# 🎬 Actor Performance Analysis of iMDB 2024 Statistics

This notebook demonstrates how to use the `actor_analysis` package to analyze and visualize top 50 actors' performances based on IMDb movie data.  
We compute metrics like average budget, revenue, vote average, and profitability — both generally and actor-wise — using IMDb 2024 data.

The dataset can be found here: https://www.kaggle.com/datasets/anandshaw2001/imdb-movies-and-tv-shows/data

We have derived new statistics from this dataset and attained new columns, their explanations are as goes:
- Actor: Names of actors
- Budget_Mean_General: The mean of all movie budgets in the processed dataset.
- Revenue_Mean_General: The mean of all movies' revenues in the processed dataset.	
- Vote_Average_General: The mean of all votes in the processed dataset.	
- Profit_Mean_General: 	The mean of all movies' profits in the processed dataset via: (General Mean Revenue - General Mean Budget)/Size of the Dataset .
- Budget_Mean_Actor: The mean of all movie budgets depending on actor in the processed dataset.
- Revenue_Mean_Actor: The mean of all movies' revenue depending on actor in the processed dataset.	
- Vote_Average_Actor: The mean of all votes depending on actor in the processed dataset.		
- Profit_Mean_Actor: The mean of all movies' profits depending on actor in the processed dataset	
- isProfitable: States if the actor on row is more profitable than the general.	
- isLiked: States if the actor on row has more of an vote average than the general.

In [None]:
# If not installed yet
!pip3 install -e .

In [None]:
from actor_analysis import (
    load_data,
    preprocess_data,
    extract_cast_list,
    calculate_general_statistics,
    get_top_actors,
    calculate_actor_statistics,
    plot_actor_statistics
)

### Step 1: Load and Clean the IMDb Dataset

In [None]:
df_raw = load_data('IMDb2024.csv')
df = preprocess_data(df_raw)
df.head(df.size)

### Step 2: Extract Actor Names and Analyze Top 50

In [None]:
cast_list = extract_cast_list(df)
top_actors = get_top_actors(cast_list, top_n=50)
general_stats = calculate_general_statistics(df)
actor_stats_df = calculate_actor_statistics(df, top_actors, general_stats)

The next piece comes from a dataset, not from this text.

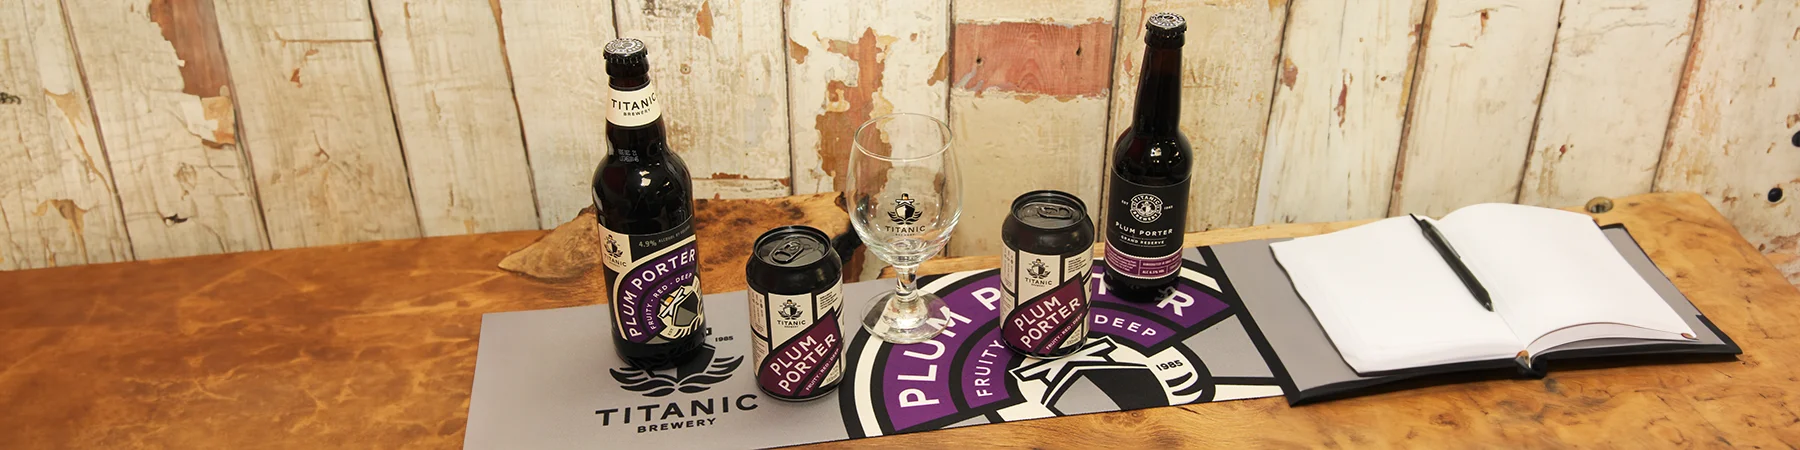 bottles and cans of titanic plum porter beers on logo runner next to book

actor_stats_df.head(actor_stats_df.size)

### Step 3: Visualize Actor Profitability and Popularity

In [None]:
plot_actor_statistics(actor_stats_df, 'Profit_Mean_Actor')

In [None]:
plot_actor_statistics(actor_stats_df, 'Vote_Average_Actor')

### Summary & Insights

#### Profitability
Out of the top 50 actors, 45 actors (90%) are more profitable than the general movie average.
Only 5 actors (10%) are not more profitable than the general baseline.
Some of the most profitable actors include:
- James Austin Johnson (~$763M profit)
- Kyle MacLachlan (~$763M profit)
- Rachel House (~$666M profit)
- Seth Rogen (~$475M profit)
#### Popularity (Based on Vote Average)
40 out of 50 actors (80%) are liked more than the average movie rating.
The general vote average is 5.93, while top actors often hit 6.50 or more.
Actors with the highest average ratings include:
- Timothée Chalamet (7.50)
- Emma Corrin (7.00)
- Pedro Pascal (7.00)
- Lupita Nyong'o (7.00)
#### Balanced Stars (Profitable & Liked)
Actors like Pedro Pascal, Timothée Chalamet, Lupita Nyong'o, Kyle MacLachlan, and James Austin Johnson stand out as both highly profitable and well-liked.